# `assembly-theory` Scripts
As with many open-source projects, `scripts/` is the junk drawer of supporting code external to the `assembly-theory` library itself.
## Installation
We use [`uv`](https://docs.astral.sh/uv/) to manage Python environments. [Install it](https://docs.astral.sh/uv/getting-started/installation/) and then run the following to get all dependencies:
```shell
# Make sure you're in the scripts/ directory!
uv sync
```
## Scripts Catalog
### `dataset_curation.ipynb`
This Python notebook generates and documents the molecule datasets in `data/` curated from existing databases.
To view and interact with the notebook, run:
```shell
uv run jupyter notebook dataset_curation.ipynb
```
Or, if you just want to run the code:
```shell
uv run jupyter execute dataset_curation.ipynb
```
> [!NOTE]
> The notebook may take a while to run, since it downloads full datasets from Zenodo and then extracts the desired subsets.
> Jupyter does not provide a way of redirecting the internal kernel's stdout to the terminal, so the various progress update messages are invisible when run in this way.
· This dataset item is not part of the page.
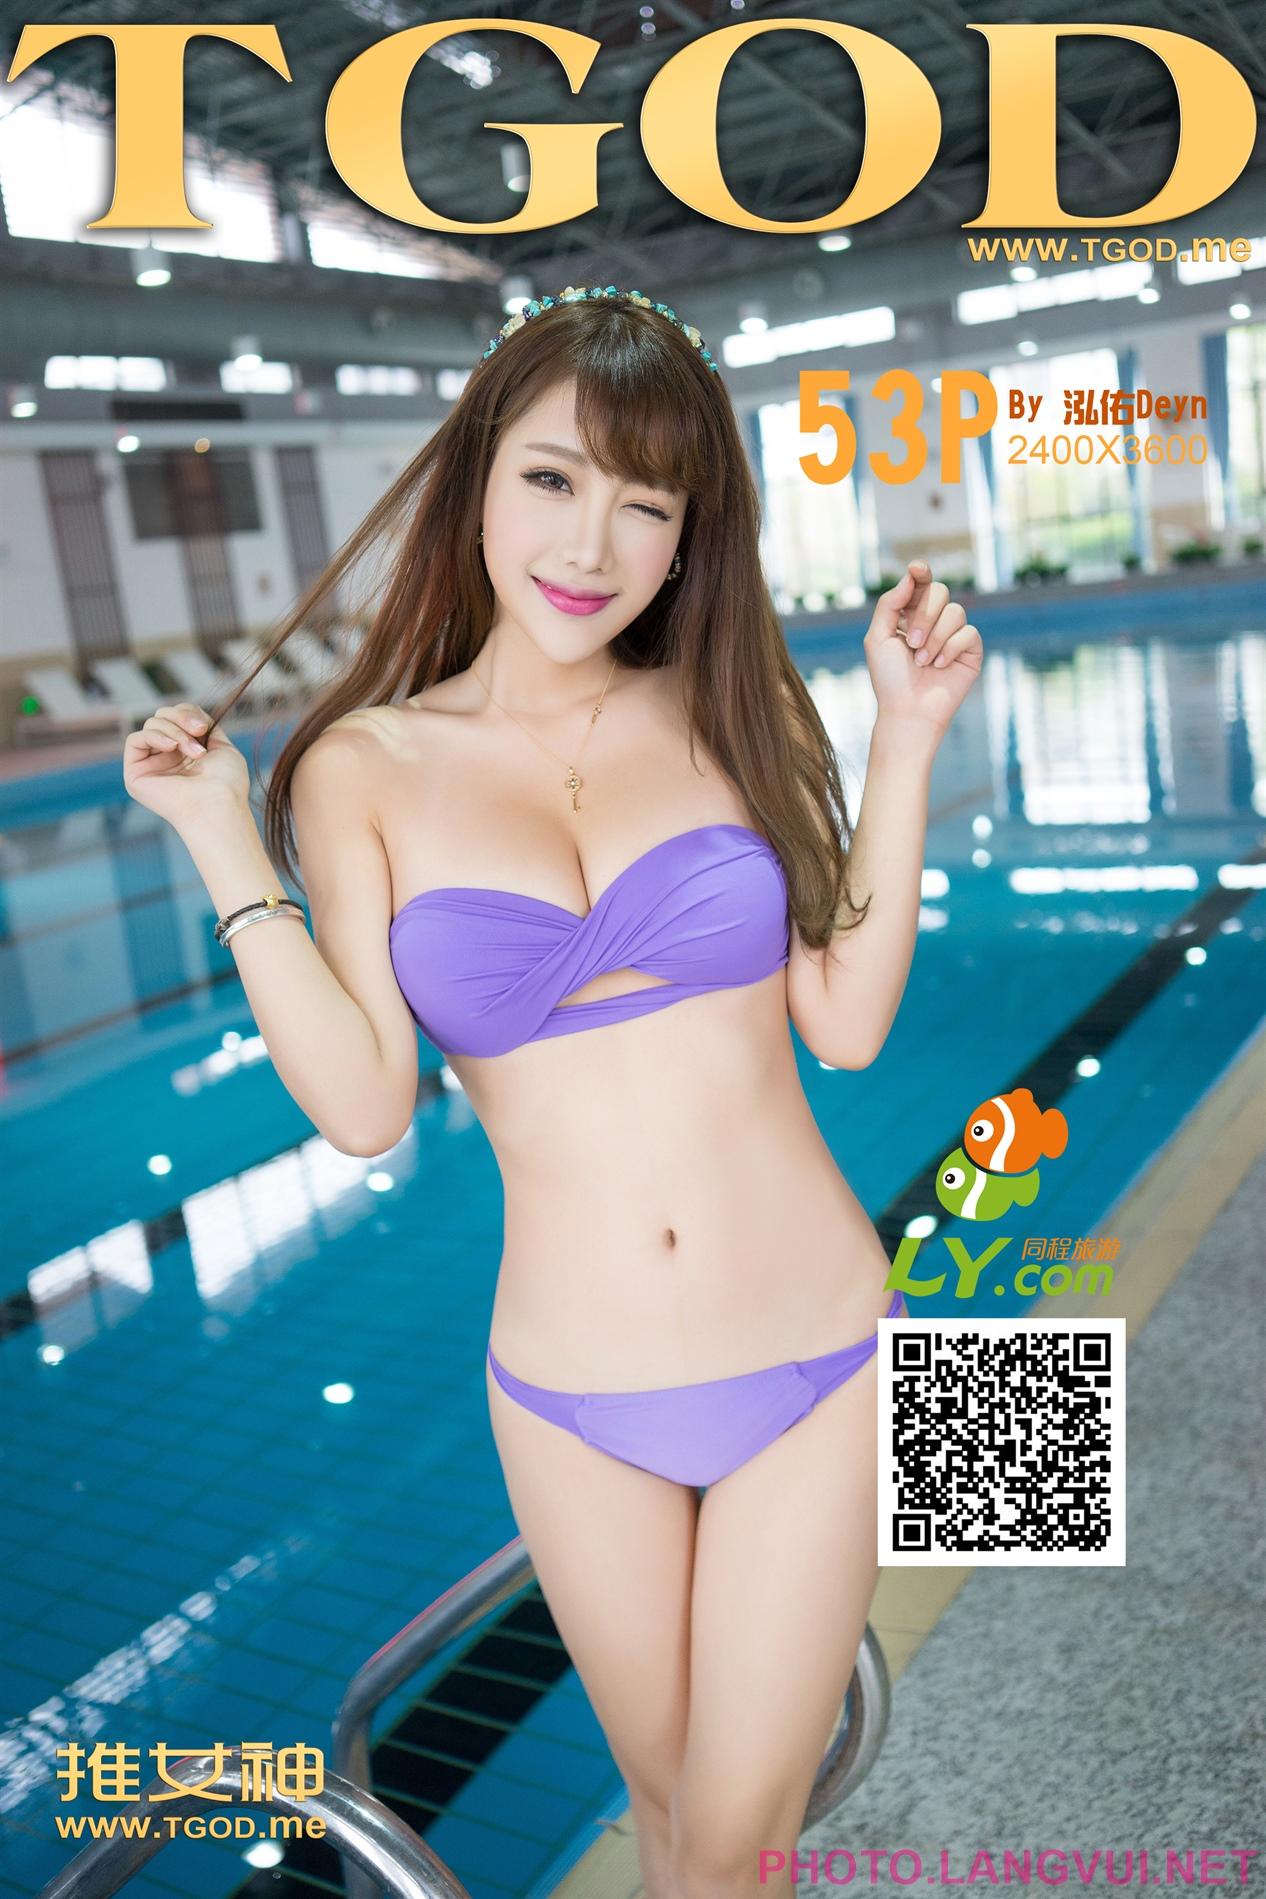 TGOD No 27112014 Akiki

### `generate-ma-index.sh`
While the above Python notebook curates the reference dataset `.mol` files, this script generates their ground truth assembly indices in `data/<dataset>/ma-index.csv`.
This file is needed before a dataset can be used for testing.
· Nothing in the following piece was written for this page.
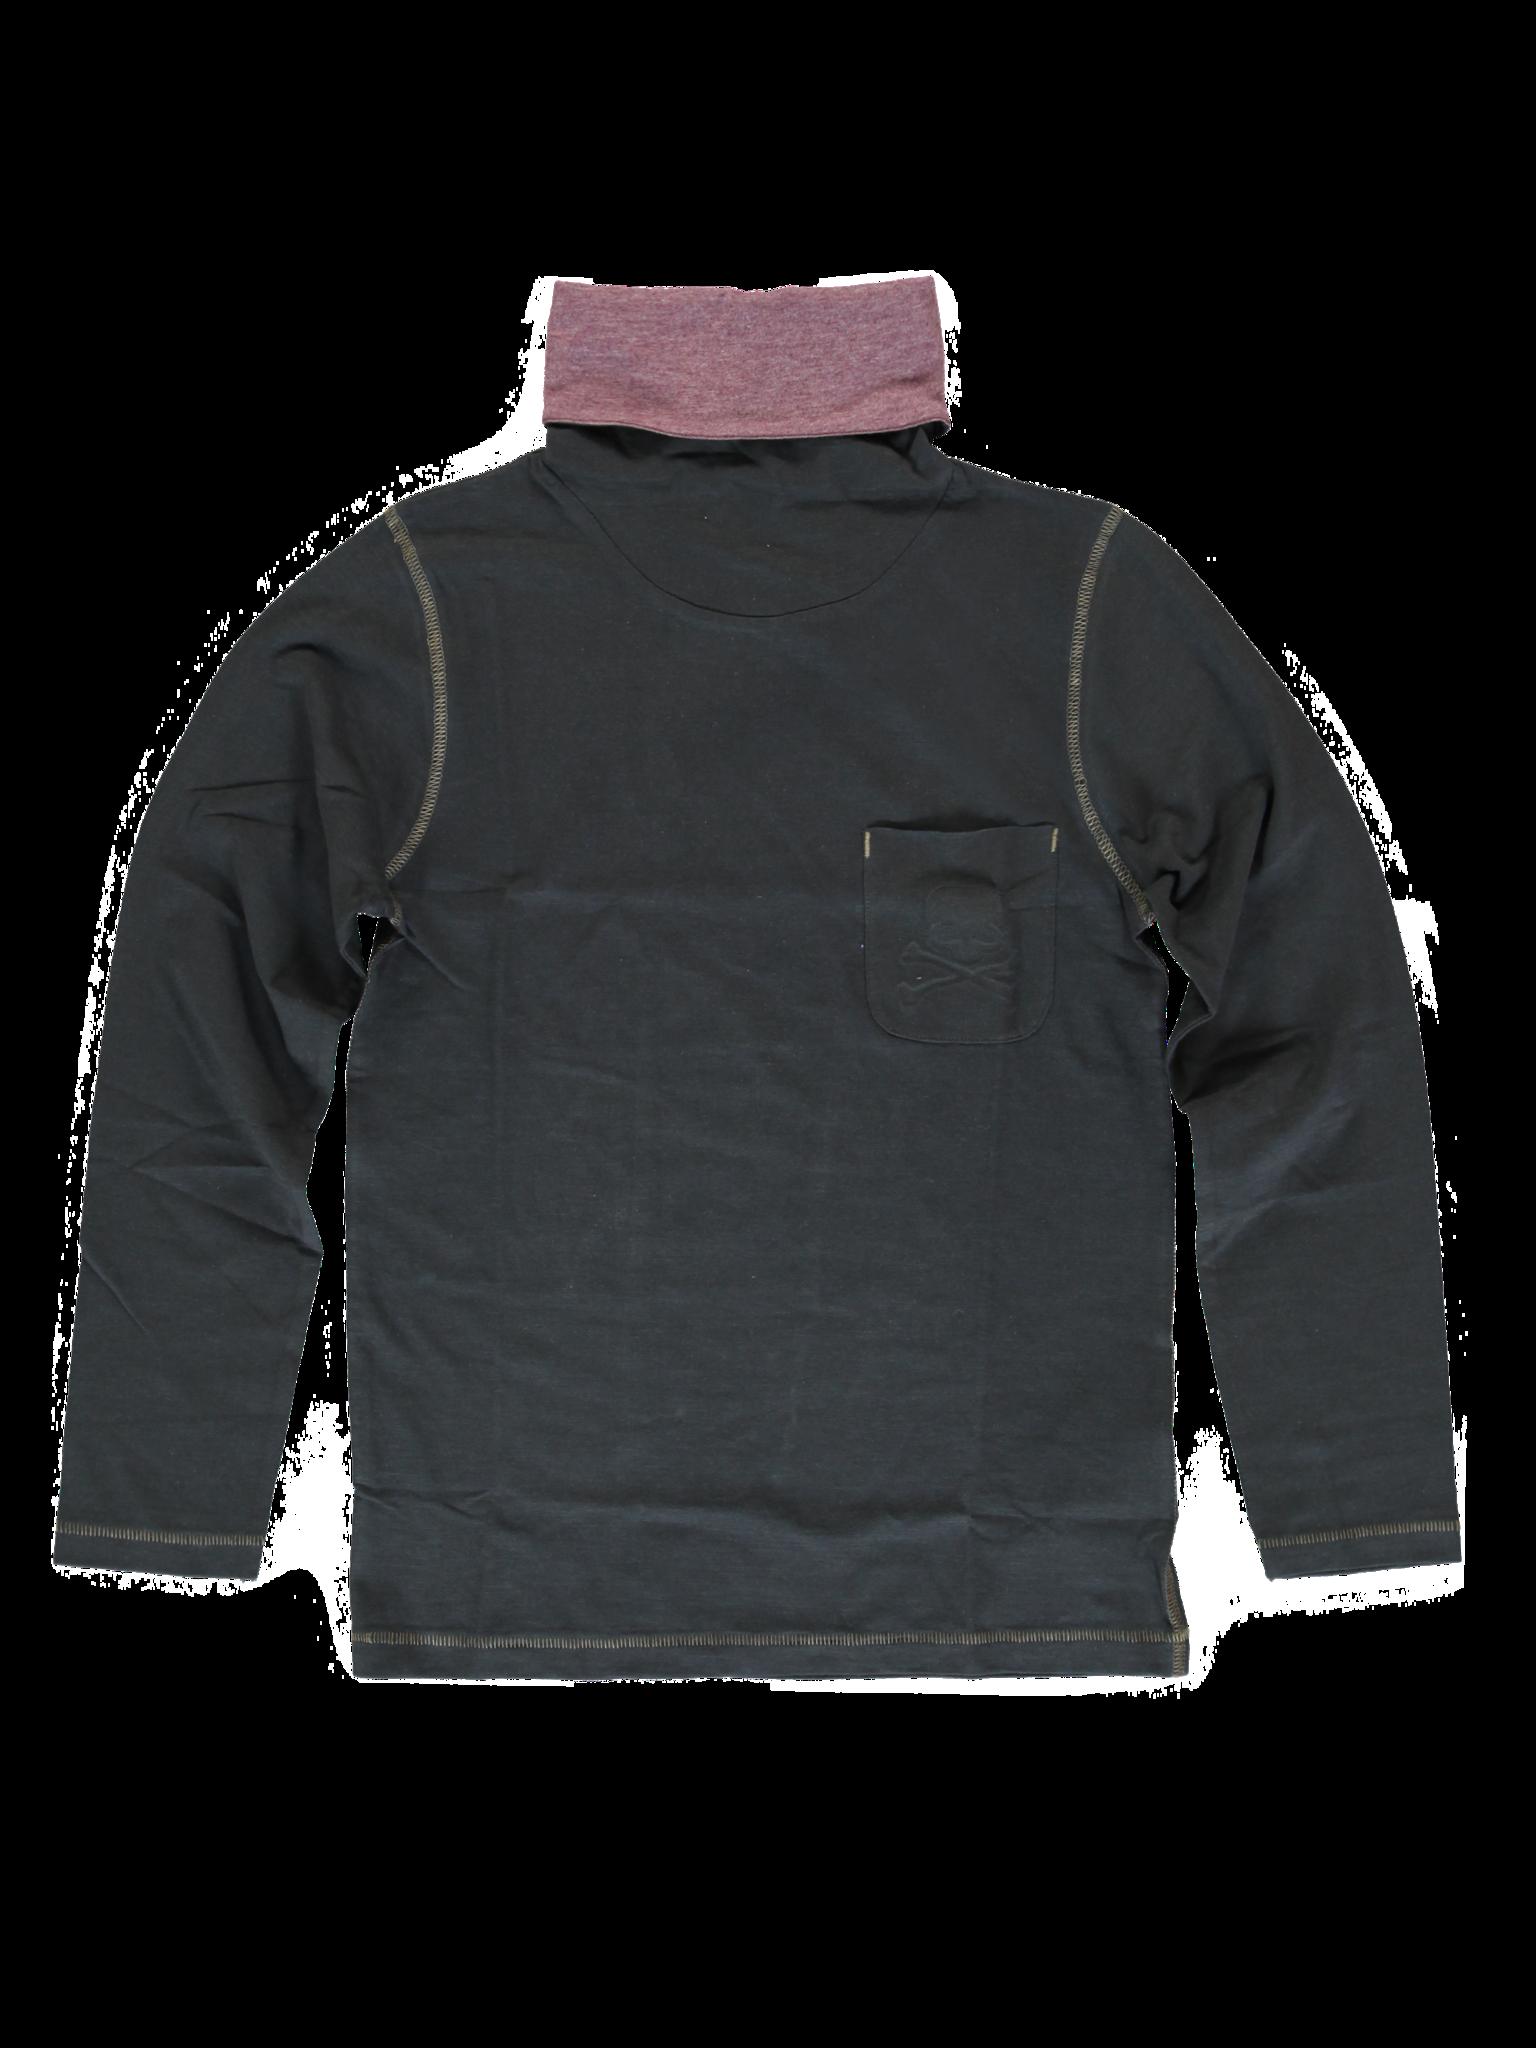 All Brands | Winterproducts Teen Boys | T-shirt | 24 pcs/box

From the `scripts/` directory, run this script to be presented with interactive menus for generation:
```shell
./generate-ma-index.sh
```
The first menu asks you to choose the dataset to generate ground truth for.
Enter a number to choose the dataset:
```shell
1) ../data/checks 3) ../data/gdb13_1201
2) ../data/coconut_220 4) ../data/gdb17_800
Generate ma-index.csv for:
```
The next menu asks you which program to use for assembly index calculation.
Again, enter a number to choose:
```shell
1) assembly_go
2) assembly-theory
Calculate assembly indices using:
```
[`assembly_go`](https://github.com/croningp/assembly_go) is existing, open-source software for calculating assembly indices.
We do not package its source code or its executable with our library, but it can be obtained [on GitHub](https://github.com/croningp/assembly_go) if non-self-referential ground truth is desired.
Otherwise, a release build of `assembly-theory` is created and used.
Note that `assembly-theory` is significantly faster.